The CPA also creates obligations related to the processing of de-identified data. Under the CPA, a controller in possession of de-identified data is required to (1) “take reasonable measures to ensure that the data cannot be associated with an individual,” (2) “publicly commit to maintain and use the data only in a de-identified fashion and not attempt to re-identify the data,” and (3) contractually obligate any recipients of the de-identified data to comply with the requirements of the CPA.
The CPA defines “sale” as “the exchange of personal data for monetary or other valuable consideration by a controller to a third party.” While this definition’s use of “valuable consideration” expands “sale” beyond purely monetary transactions, making it more like the definition in the CCPA than the VCDPA, the CPA includes several express exclusions from its definition of sale, including (1) “[t]he disclosure of personal data to a third party for purposes of providing a product or service requested by the consumer,” (2) “[t]he disclosure or transfer of personal data to an affiliate of the controller,” and (3) “[t]he disclosure of personal data: (a) [t]hat a consumer directs the controller to disclose or intentionally discloses by using the controller to interact with a third party; or (b) [i]ntentionally made available by a consumer to the general public via a channel of mass media.”

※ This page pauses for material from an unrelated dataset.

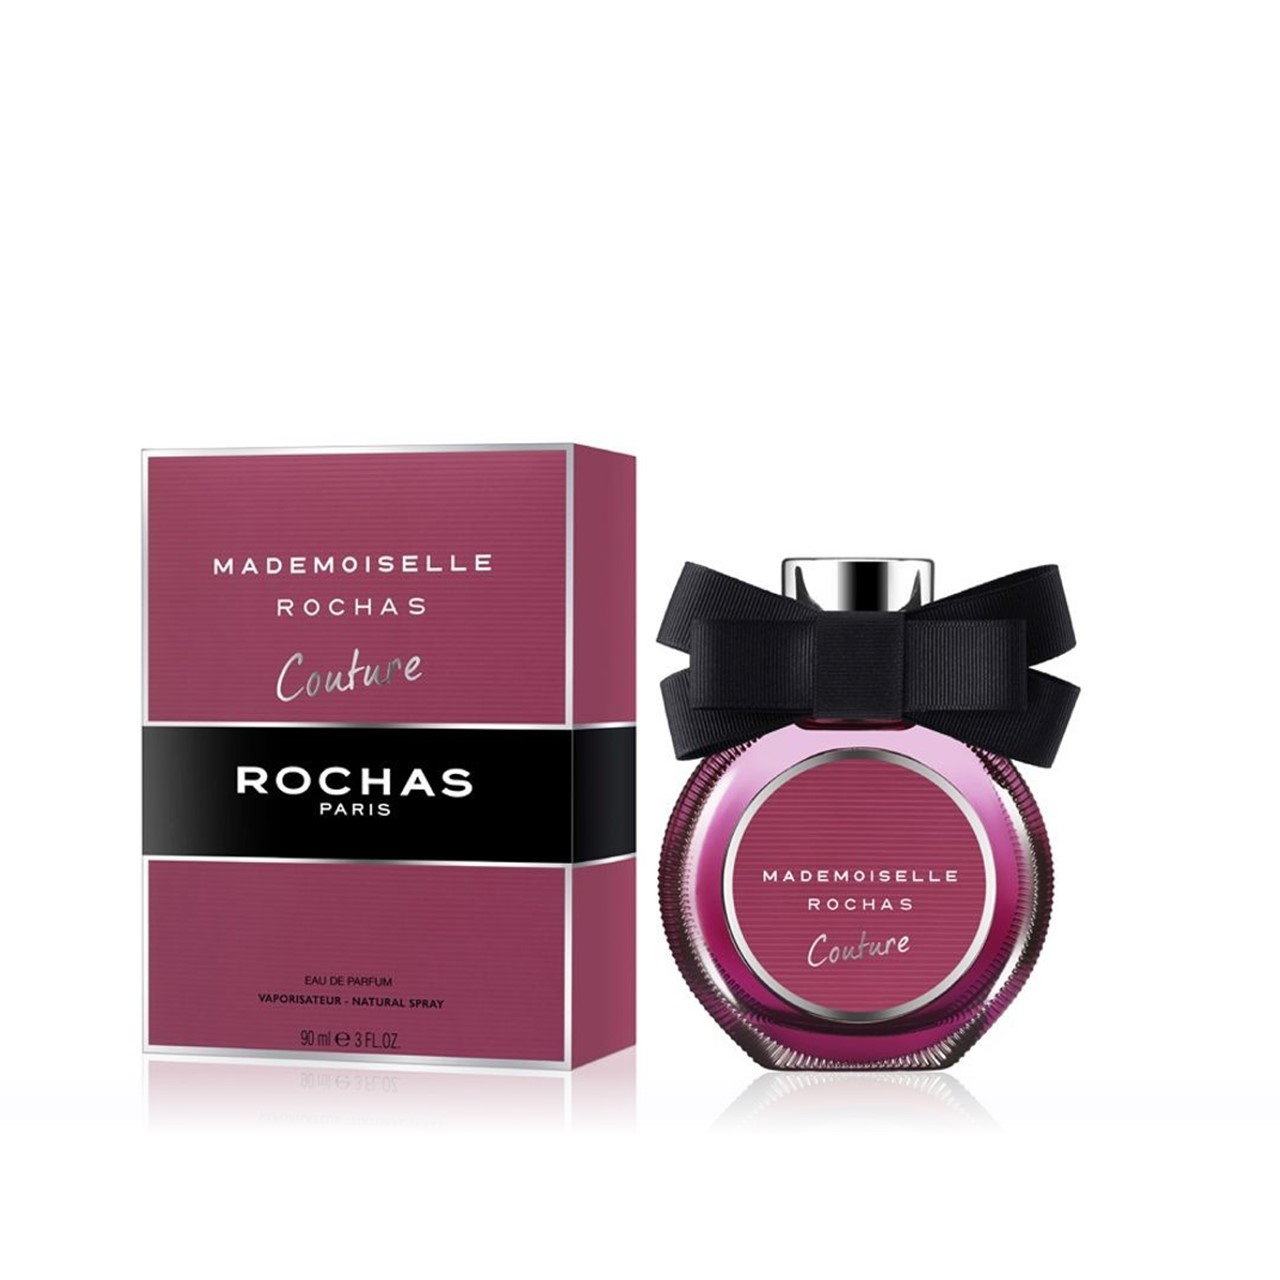 Rochas Mademoiselle Rochas Couture Eau de Parfum 90ml (3.0fl oz)
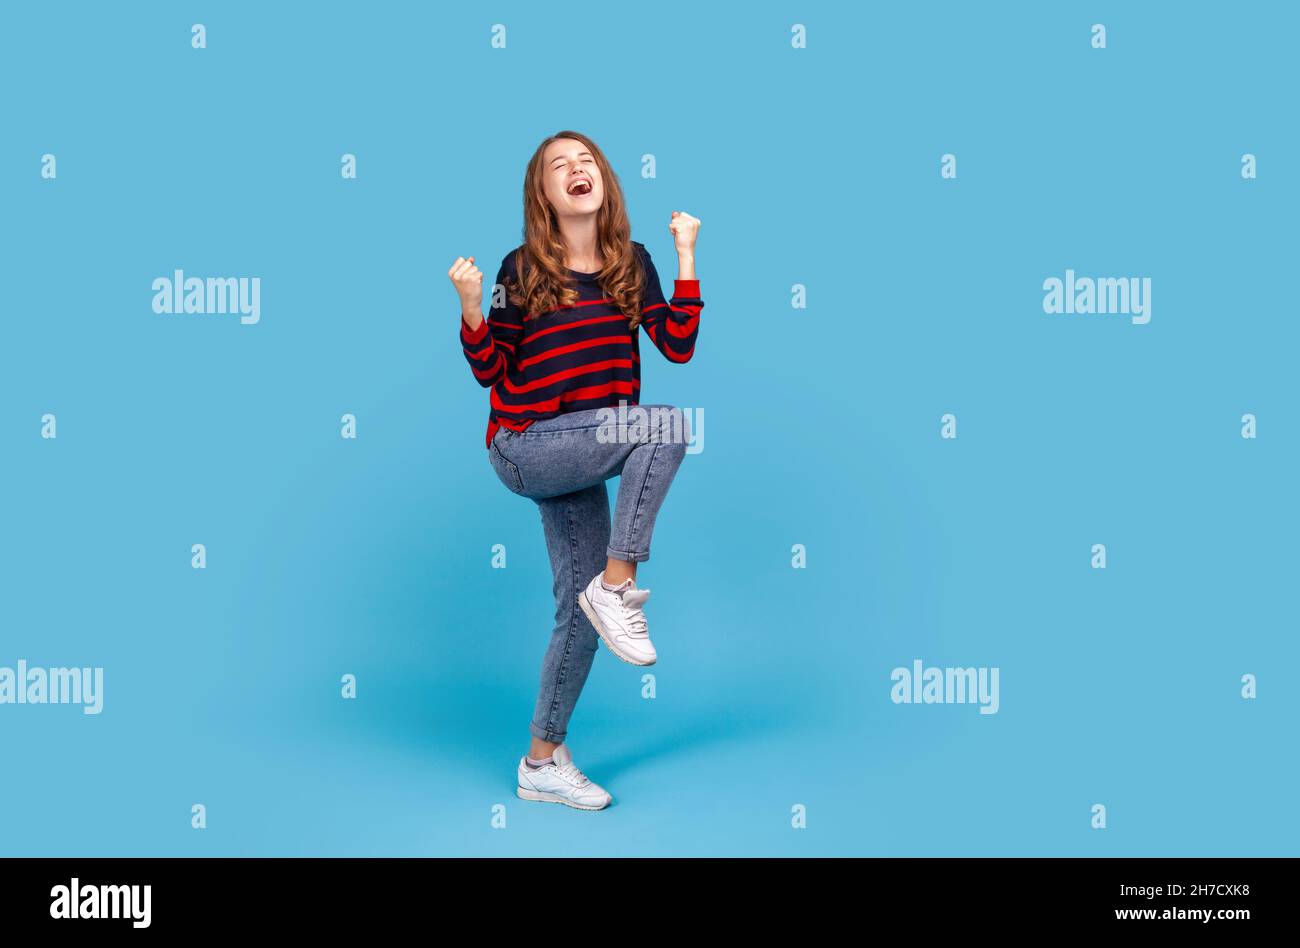 Durchgehende positive zufriedene Frau trägt gestreiften lässigen Pullover und Jeans, erhöhte geballte Fäuste, glücklich über den Sieg, zum Ausdruck bringen Triumph. Innenaufnahme des Studios isoliert auf blauem Hintergrund. Stockfoto

Like the VCDPA, the CPA does not create a separate enforcement agency and does not establish private right of action for the consumer. Rather, enforcement of the CPA sits with Colorado’s Attorney General and district attorneys. Specifically, prior to initiating an enforcement action under the CPA, the controller or processor will be provided a 60-day cure period to rectify noncompliance. This cure period will only be provided until January 1, 2025. If the controller or processor continues to violate the CPA after the 60-day cure period, the noncompliance is considered a deceptive trade practice, and the Attorney General or a district attorney is authorized by the CPA to initiate action and seek damages of up to $20,000 per violation for up to a total of $500,000 for a related series of violations, notably higher than the per violation penalties under the CCPA and VCDPA.
The Colorado Legislature passed the CPA on June 8, 2021. The act will take effect beginning July 1, 2023, unless Governor Polis vetoes the bill within 10 days of its transmission to his office.
The CPA melds obligations from a variety of data privacy legislation, and compliance takes time. Organizations should determine applicability as soon as feasible. Organizations within the CPA’s scope should allocate costs and time to implement any necessary changes to ensure compliance by July 1, 2023. For example, covered organizations should (1) create and/or update a comprehensive data inventory that provides insight into both the types of data involved and nature of each processing activity, (2) take steps to segregate sensitive data, and (3) implement a framework for managing consents and conducting data protection impact assessments. In developing any compliance program for the CPA, businesses should also keep in mind the potential impact of comprehensive data privacy legislation pending in states such as Massachusetts and North Carolina.